When we can become conscious that we are judging, and instead of judging, become curious, whole new possibilities and solutions open up.  Fear underlies judgment and fear shuts us down while love underlies curiosity and love opens us up.

“Curiosity will conquer fear even more than bravery will,” said James Stephens.

“Seek, and you will find,” said Jesus.

“It is okay to ask the questions now,” is apparently carved on a temple in heaven.

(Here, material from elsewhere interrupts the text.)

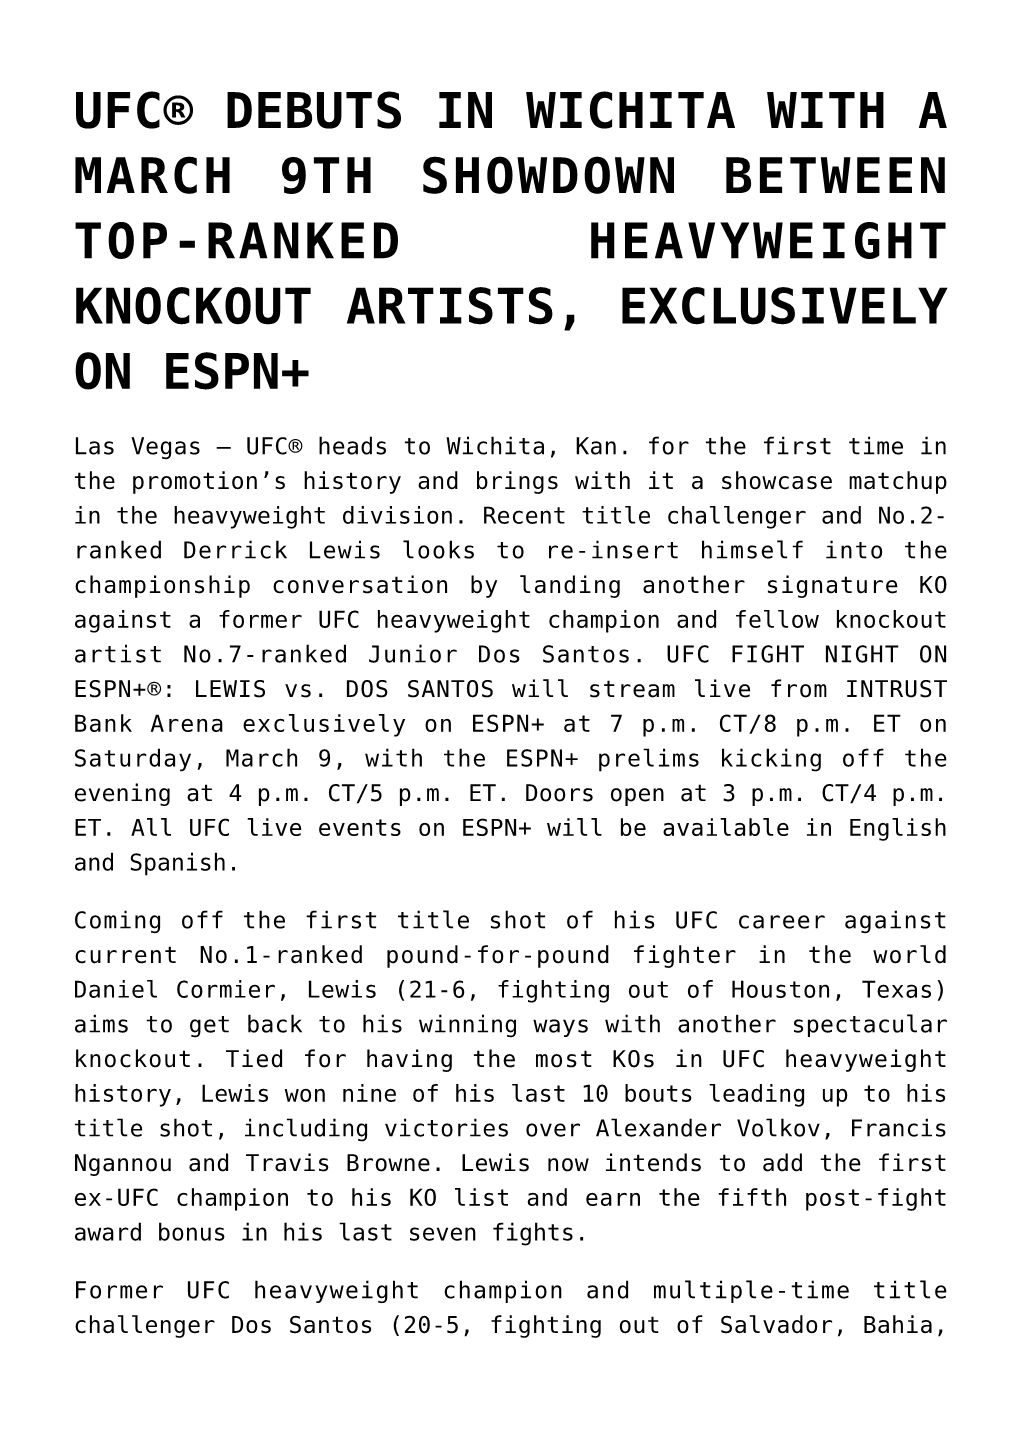 Ufc® Debuts in Wichita with a March 9Th Showdown Between Top-Ranked Heavyweight Knockout Artists, Exclusively on Espn+

May we become like little children and return to fearless curiosity and never stop asking, “Why?”  Amen 

The Readings
Deuteronomy 4:32-40
For ask now about former ages, long before your own, ever since the day that God created human beings on the earth; ask from one end of heaven to the other: has anything so great as this ever happened or has its like ever been heard of? Has any people ever heard the voice of a god speaking out of a fire, as you have heard, and lived? Or has any god ever attempted to go and take a nation for himself from the midst of another nation, by trials, by signs and wonders, by war, by a mighty hand and an outstretched arm, and by terrifying displays of power, as the Lord your God did for you in Egypt before your very eyes? To you it was shown so that you would acknowledge that the Lord is God; there is no other besides him. From heaven he made you hear his voice to discipline you. On earth he showed you his great fire, while you heard his words coming out of the fire. And because he loved your ancestors, he chose their descendants after them. He brought you out of Egypt with his own presence, by his great power, driving out before you nations greater and mightier than yourselves, to bring you in, giving you their land for a possession, as it is still today. So acknowledge today and take to heart that the Lord is God in heaven above and on the earth beneath; there is no other. Keep his statutes and his commandments, which I am commanding you today for your own well-being and that of your descendants after you, so that you may long remain in the land that the Lord your God is giving you for all time.

Matthew 10:22-30
Then came the Festival of Dedication at Jerusalem. It was winter, and Jesus was in the temple courts walking in Solomon’s Colonnade.  The Judeans who were there gathered around him, saying, “How long will you keep us in suspense? If you are the Messiah, tell us plainly.”Jesus answered, “I did tell you, but you do not believe. The works I do in my Father’s name testify about me, but you do not believe because you are not my sheep.  My sheep listen to my voice; I know them, and they follow me. I give them eternal life, and they shall never perish; no one will snatch them out of my hand.  My Father, who has given them to me, is greater than all; no one can snatch them out of my Father’s hand. I and the Father are one.”